Monday 26 May 2008

Dwell on the track record before you condemn

People's memory is short. We tend to condemn even the smallest mistake without taking into account the larger picture. All the good work done in the past is quickly forgotten.

One day Standard Oil chief John D. Rockefeller learned that one of his senior executives had made a decision which had cost the company more than $2 million. Fearful of Rockefeller's wrath, most of the firm's other executives studiously avoided him. One notable exception was Edward T. Bedford.
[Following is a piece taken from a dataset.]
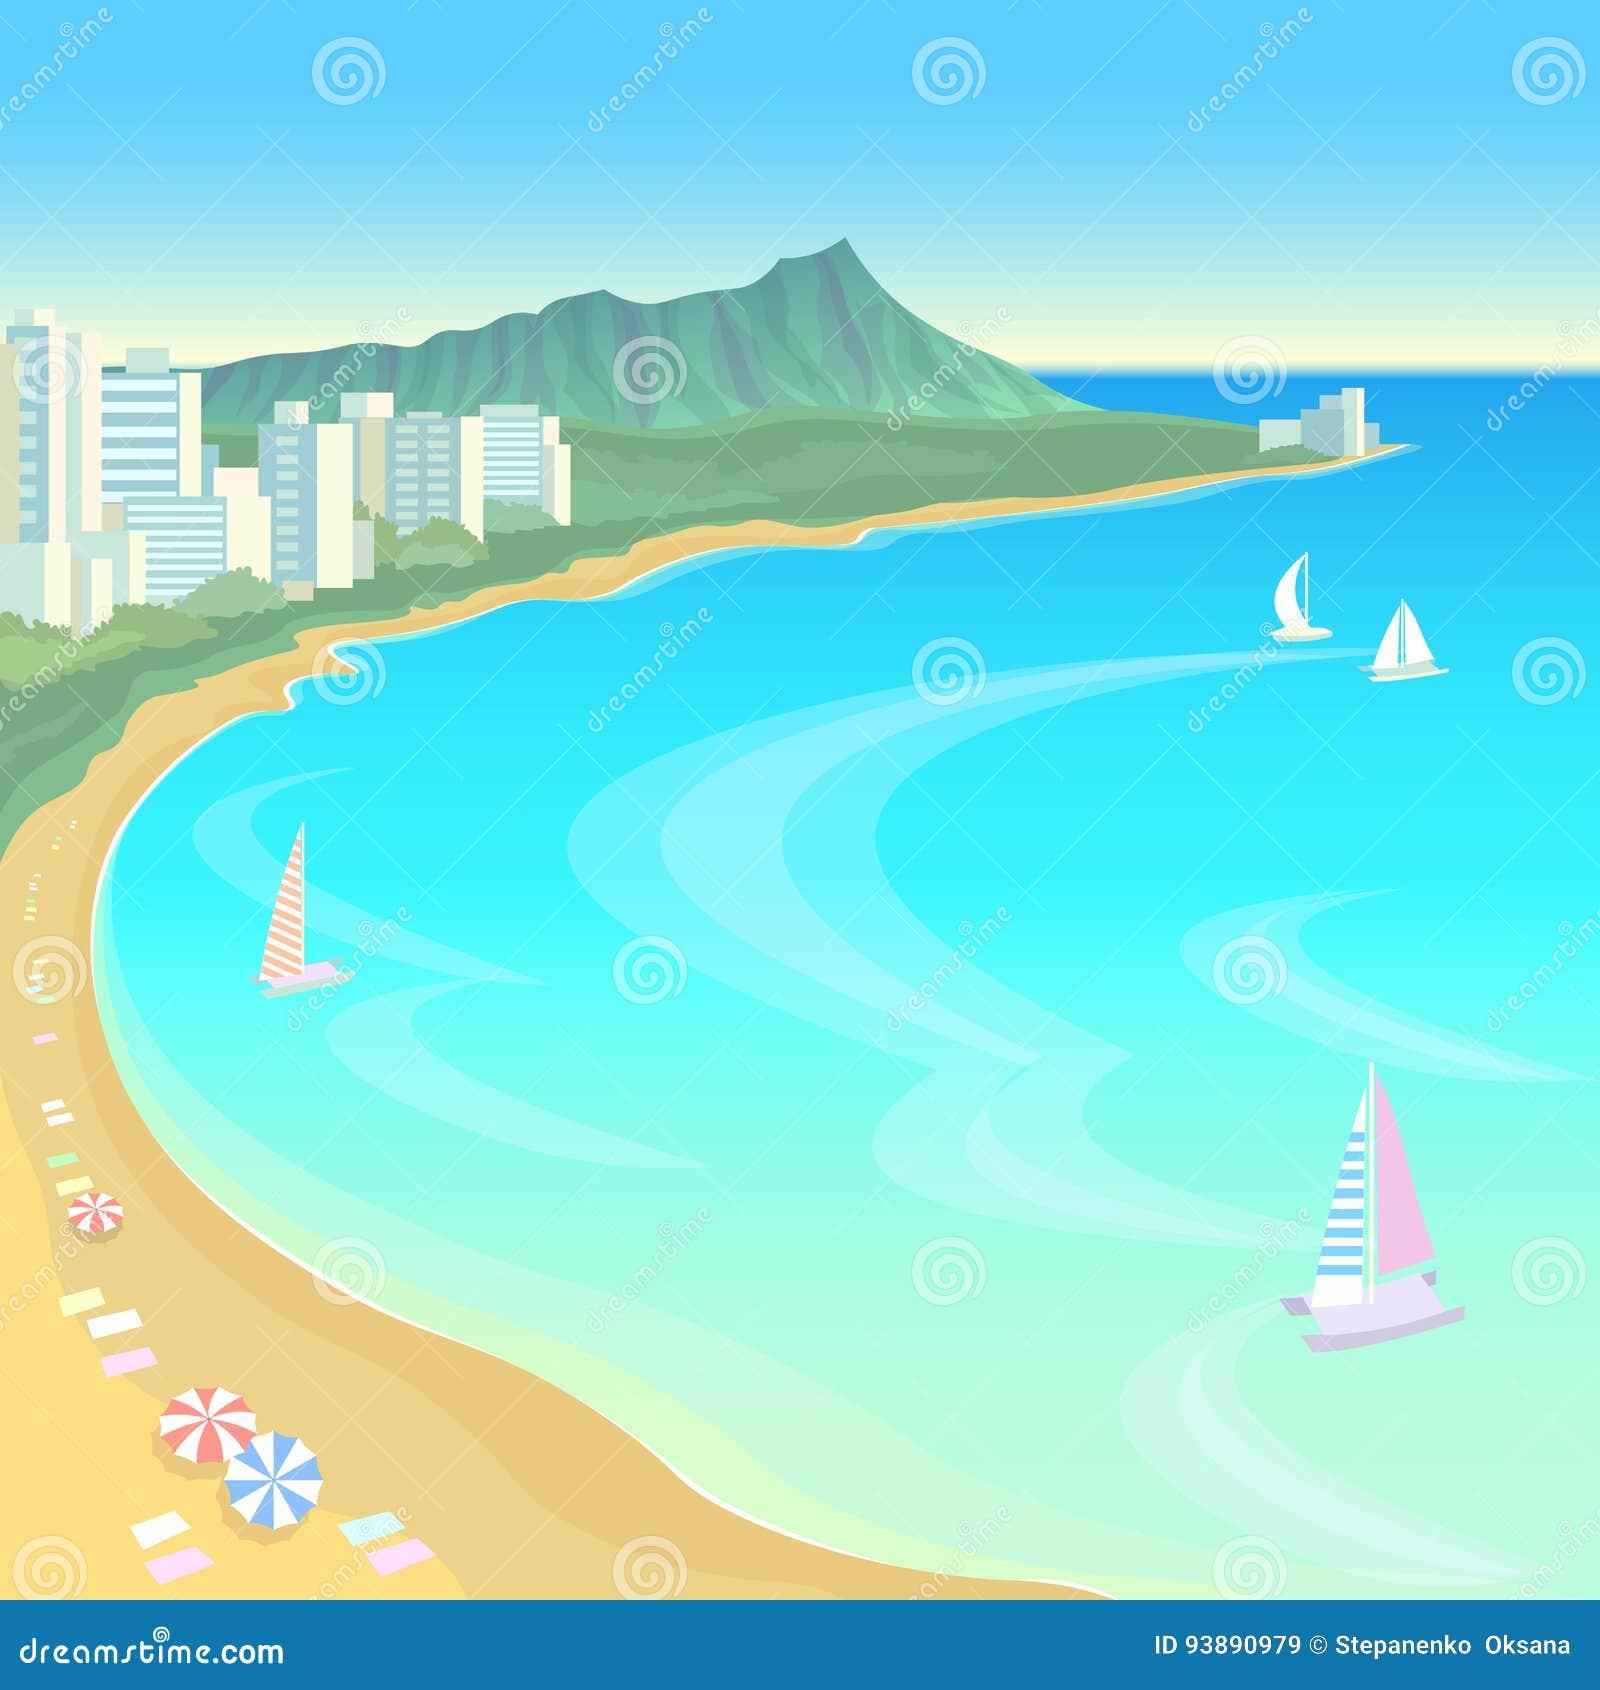 Της Χαβάης ωκεάνιο κόλπων μπλε υπόβαθρο διακοπών θερινού ταξιδιού ουρανού νερού ηλιόλουστο Καυτή σκηνή ημέρας ομπρελών παραλιών ά

Scheduled to meet with Rockefeller, Bedford arrived prepared for a long diatribe against the wayward executive. When he entered Rockefeller's office, the boss was bent over his desk busily scribbling on a pad of paper. Not wishing to interrupt, Bedford stood silently until Rockefeller finally looked up.

"Oh, it's you, Bedford," he remarked. "I suppose you've heard about our loss?" Bedford admitted that he had. "I've been thinking it over," Rockefeller said, "and before I ask the man in to discuss the matter, I've been making some notes."

Bedford later recalled: "Across the top of the page was written, 'Points in favor of Mr. ____.' There followed a long list of the man's virtues, including a brief description of how he had helped the company make the right decision on three separate occasions that had earned many times the cost of his recent error."

It was a lesson, Bedford later noted, which he never forgot.